Improve this question
I am having trouble with implementing the sort function on pset3. I have used the GDB and found that my sort function does not sort anything. I am not sure if there is a syntax issue, or if the logic is a bit screwed up.
void sort(int values[], int n)
{
for (int k = 0; k < n; k++)
{
for (int j = 0; j < n; j++)
{
if (values[k] >= values[j])
{
int temp = values[k];
values[k] = values[j];
values[j] = temp;
}
}
}
}
You are close, but your loops are not quite right - change:
for (int k = 0; k < n; k++)
{
for (int j = 0; j < n; j++)
{
to:
for (int k = 0; k < n - 1; k++)
{
for (int j = k + 1; j < n; j++)
{
To understand why you need to make this change, consider that the inner loop (j) need only compare elements above index k with the current element at index k. So the outer loop (k) needs to iterate from 0 to n - 2 (one less than the last element), and for each outer loop iteration the inner loop needs to iterate from k + 1 (first element above k) to n - 1 (the last element).
NOTE: by pure chance it seems that the original code does appear to work correctly, even though it appears at first glance that it shouldn't.
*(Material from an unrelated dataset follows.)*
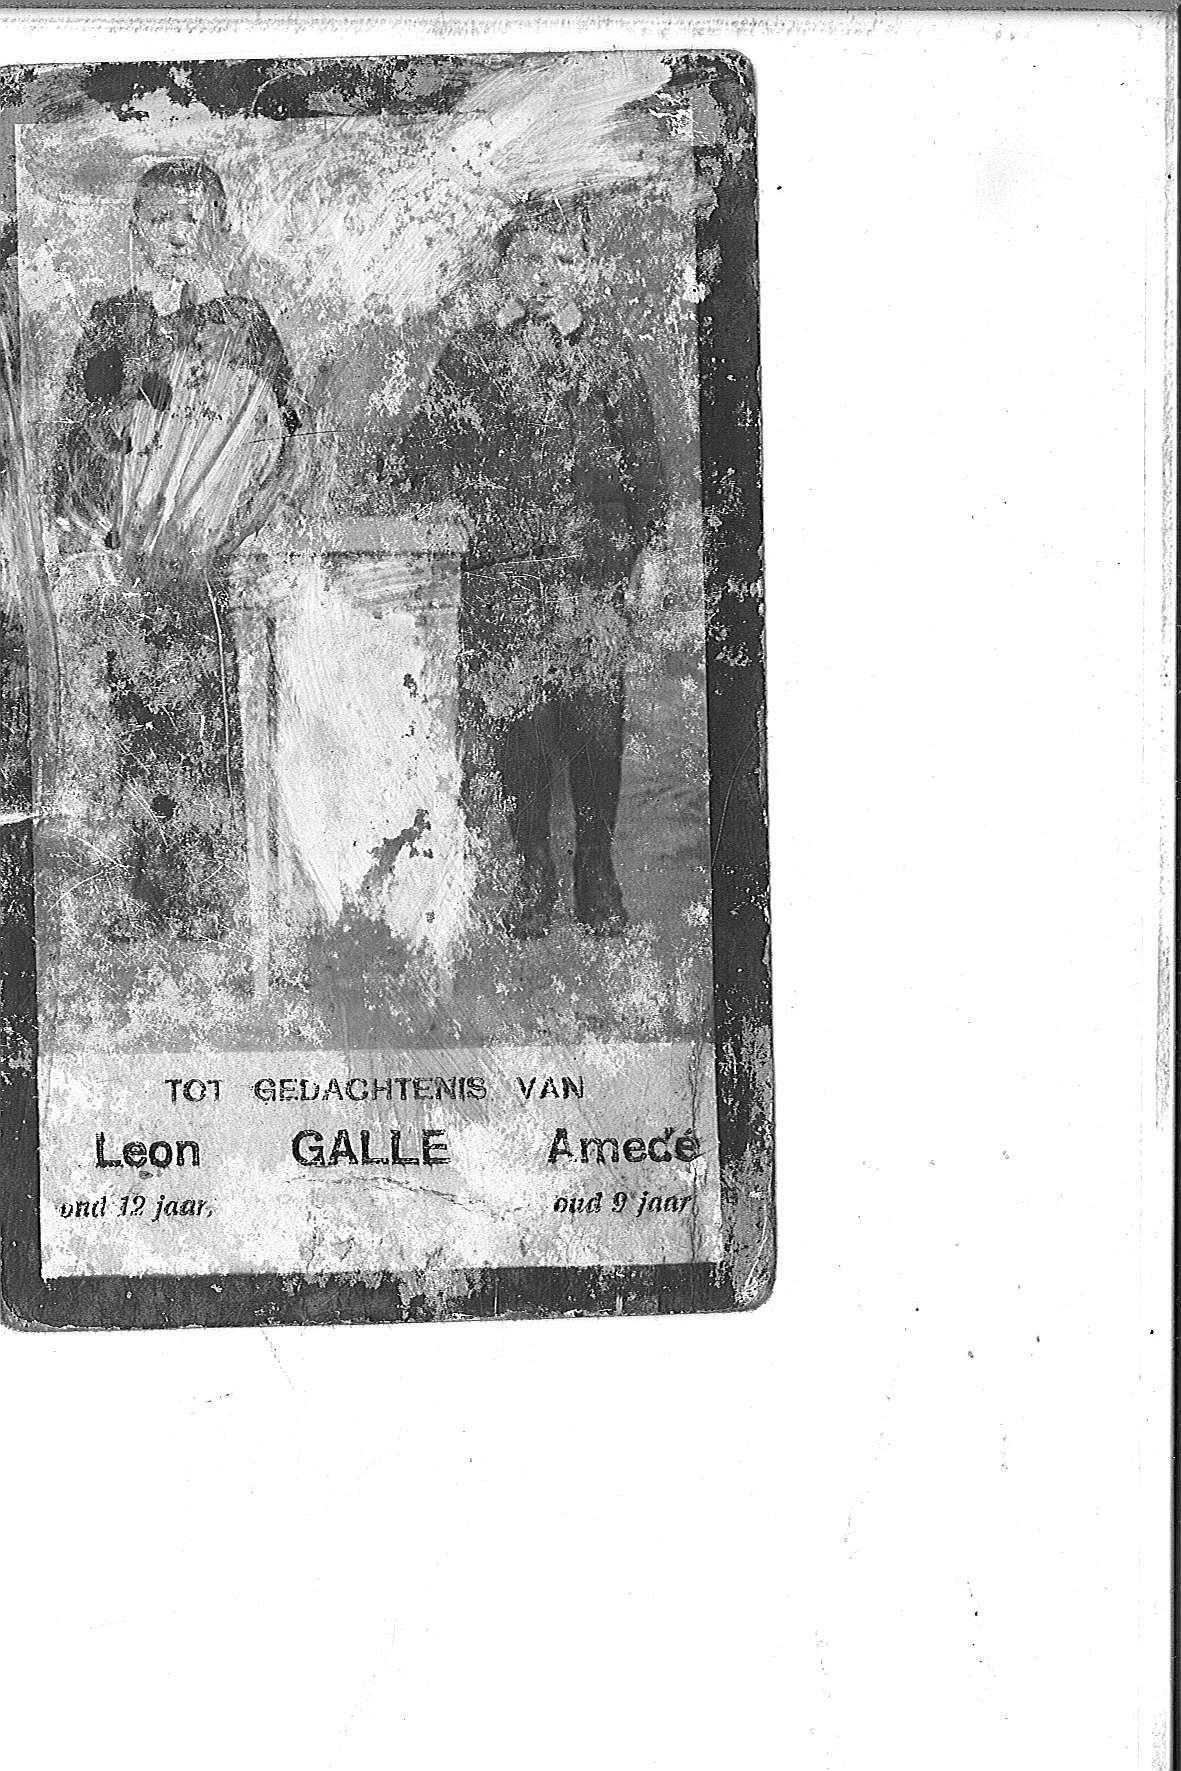 Leon en Amedéé (1918)20130212154520_00002.jpg

I have tested it with various edge cases and even though it performs many redundant swaps, the final result always seems to be sorted (suprisingly though the output is in descending order whereas the fixed code generates results in ascending order, as expected). Credit to Jonathan Leffler for spotting this - see his answer and demo program.
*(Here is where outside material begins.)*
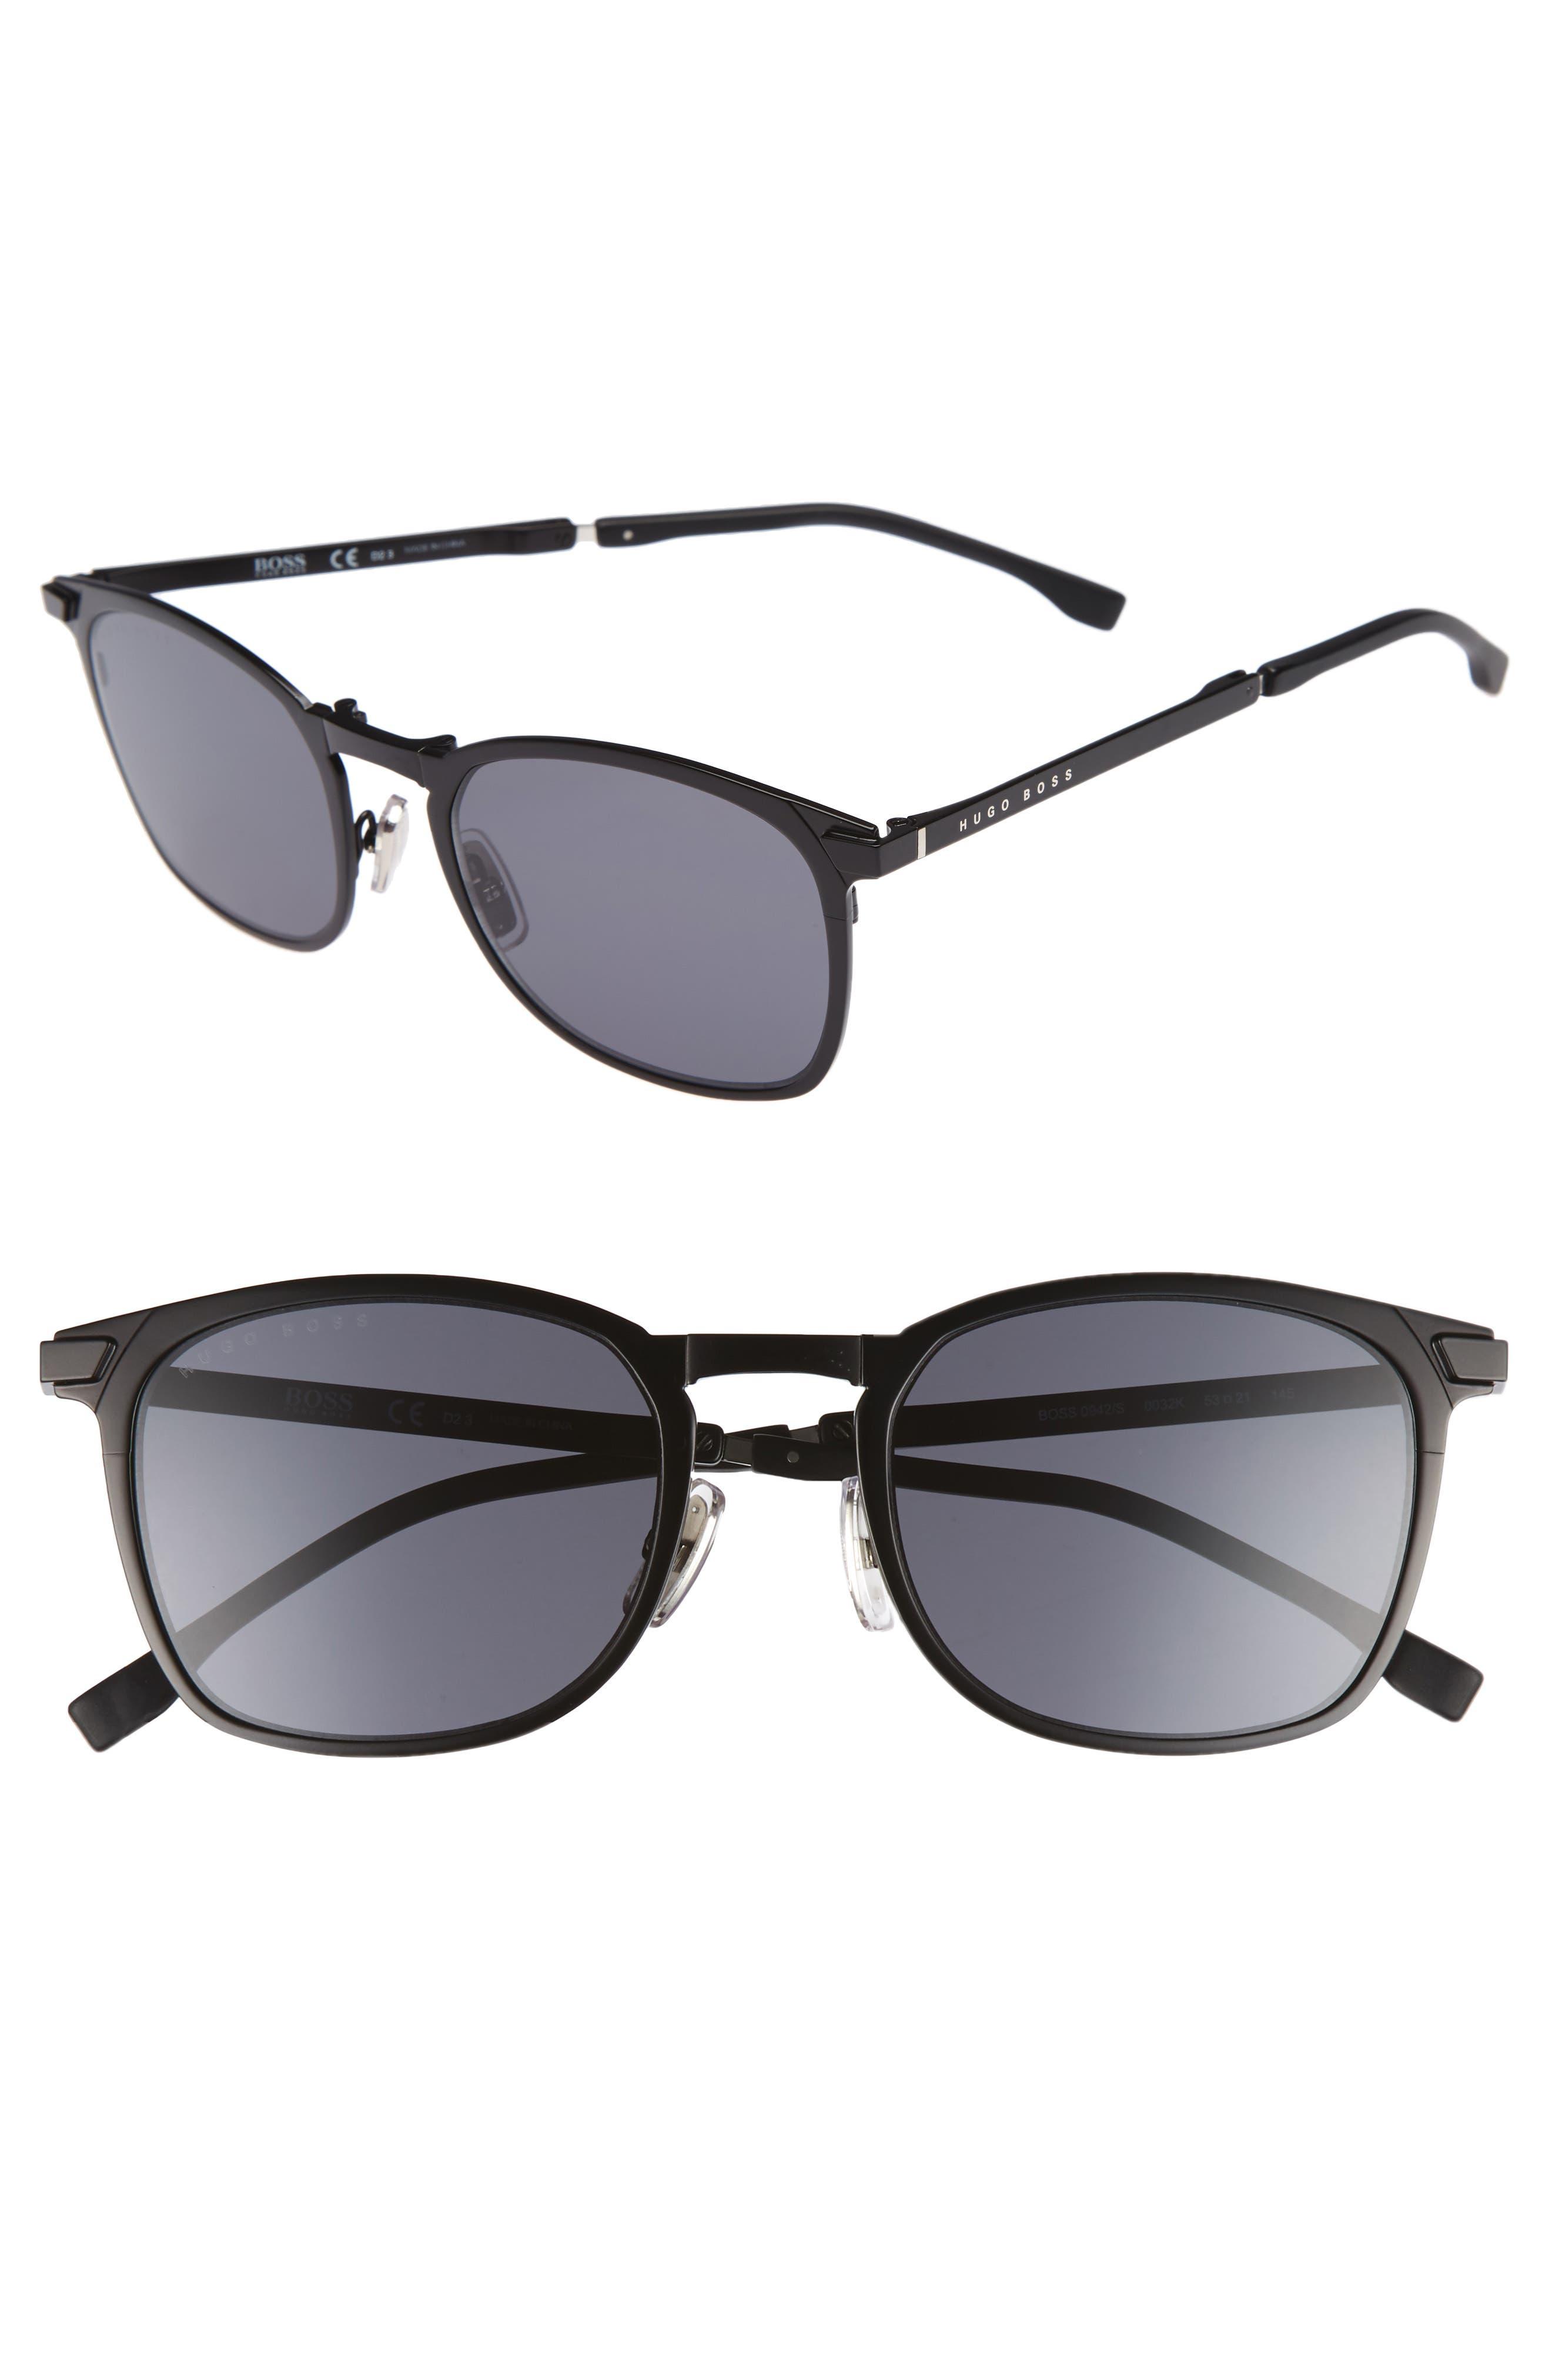 Main Image - BOSS 53mm Sunglasses

One other minor point -- this test:
if (values[k] >= values[j])
should really just be:
if (values[k] > values[j])
It's not incorrect as it stands (the code will still work), but there is no point in swapping elements that are equal, so it's somewhat inefficient as written.
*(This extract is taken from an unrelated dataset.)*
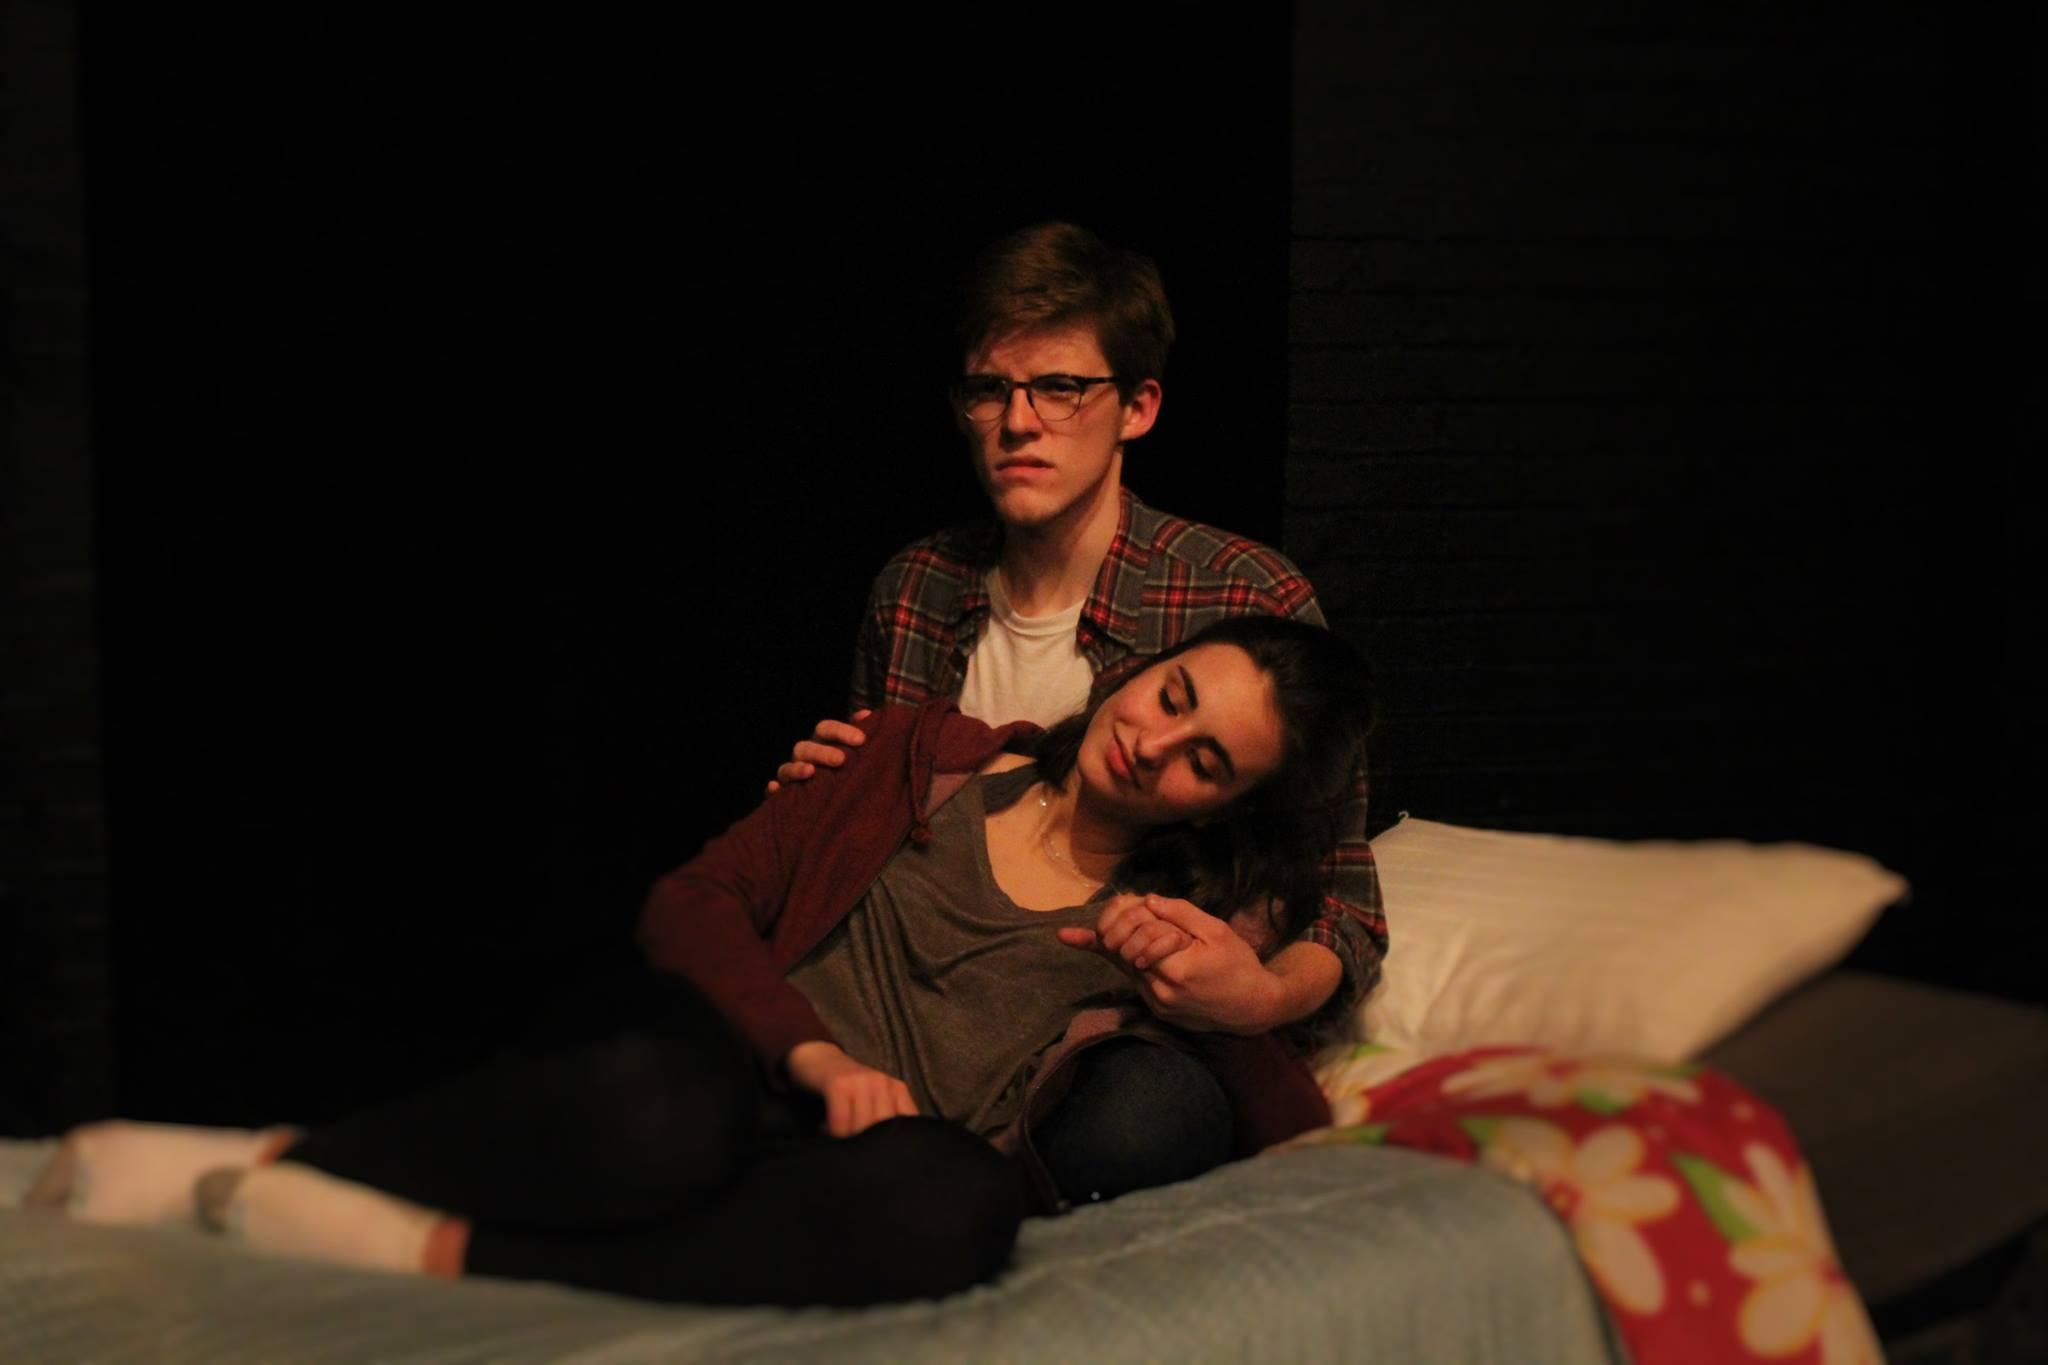 Cooper (Gus Mahoney) consoles Lola (Nora Spadoni) in the artful show

I took your code and converted into a complete program. It's larger than an MCVE because it has support code for shuffling arrays, and for printing results, as well as a main() that exercises these, of course.
#include <stdio.h>
#include <stdlib.h>
static int rand_int(int n)
{
int limit = RAND_MAX - RAND_MAX % n;
int rnd;
while ((rnd = rand()) >= limit)
;
return rnd % n;
}
static void shuffle(int *array, int n)
{
for (int i = n - 1; i > 0; i--)
{
int j = rand_int(i + 1);
int tmp = array[j];
array[j] = array[i];
array[i] = tmp;
}
}
static void print_array(int n, int a[n])
{
for (int i = 0; i < n; i++)
printf(" %d", a[i]);
putchar('\n');
}
static void sort(int values[], int n)
{
for (int k = 0; k < n; k++)
{
for (int j = 0; j < n; j++)
{
if (values[k] >= values[j])
{
int temp = values[k];
values[k] = values[j];
values[j] = temp;
}
}
}
}
int main(int argc, char **argv)
{
if (argc > 1)
{
long l = strtol(argv[1], 0, 0);
unsigned u = (unsigned)l;
printf("Seed: %u\n", u);
srand(u);
}
int data3[3] = { 3, 1, 2 };
print_array(3, data3);
sort(data3, 3);
print_array(3, data3);
int data5[5] = { 0, 2, 6, 1, 5, };
for (int i = 0; i < 5; i++)
{
shuffle(data5, 5);
print_array(5, data5);
sort(data5, 5);
print_array(5, data5);
}
int data9[] = { 0, 1, 2, 3, 4, 5, 6, 7, 8, 9 };
for (int i = 0; i < 9; i++)
{
shuffle(data9, 9);
print_array(9, data9);
sort(data9, 9);
print_array(9, data9);
}
return 0;
}
The shuffle code implements a Fisher-Yates shuffle, and is
based on code from an answer by Roland Illig. If invoked without a seed argument, it generates the same output each time.
Code compiled and tested on macOS Sierra 10.12.1 with GCC 6.2.0.
An example output:
Seed: 123456789
3 1 2
3 2 1
6 0 1 5 2
6 5 2 1 0
0 6 1 2 5
6 5 2 1 0
0 1 2 6 5
6 5 2 1 0
5 0 6 1 2
6 5 2 1 0
1 6 5 2 0
6 5 2 1 0
0 4 8 3 7 5 1 6 2
8 7 6 5 4 3 2 1 0
7 4 0 5 6 8 3 2 1
8 7 6 5 4 3 2 1 0
1 2 7 5 0 8 3 6 4
8 7 6 5 4 3 2 1 0
3 8 7 5 2 1 0 6 4
8 7 6 5 4 3 2 1 0
1 4 2 6 3 0 7 5 8
8 7 6 5 4 3 2 1 0
2 3 7 4 8 0 5 6 1
8 7 6 5 4 3 2 1 0
3 4 5 8 6 2 0 7 1
8 7 6 5 4 3 2 1 0
3 6 7 4 8 2 5 1 0
8 7 6 5 4 3 2 1 0
0 8 7 3 4 6 5 1 2
8 7 6 5 4 3 2 1 0
This shows the data being sorted in descending order every time, despite different randomized inputs.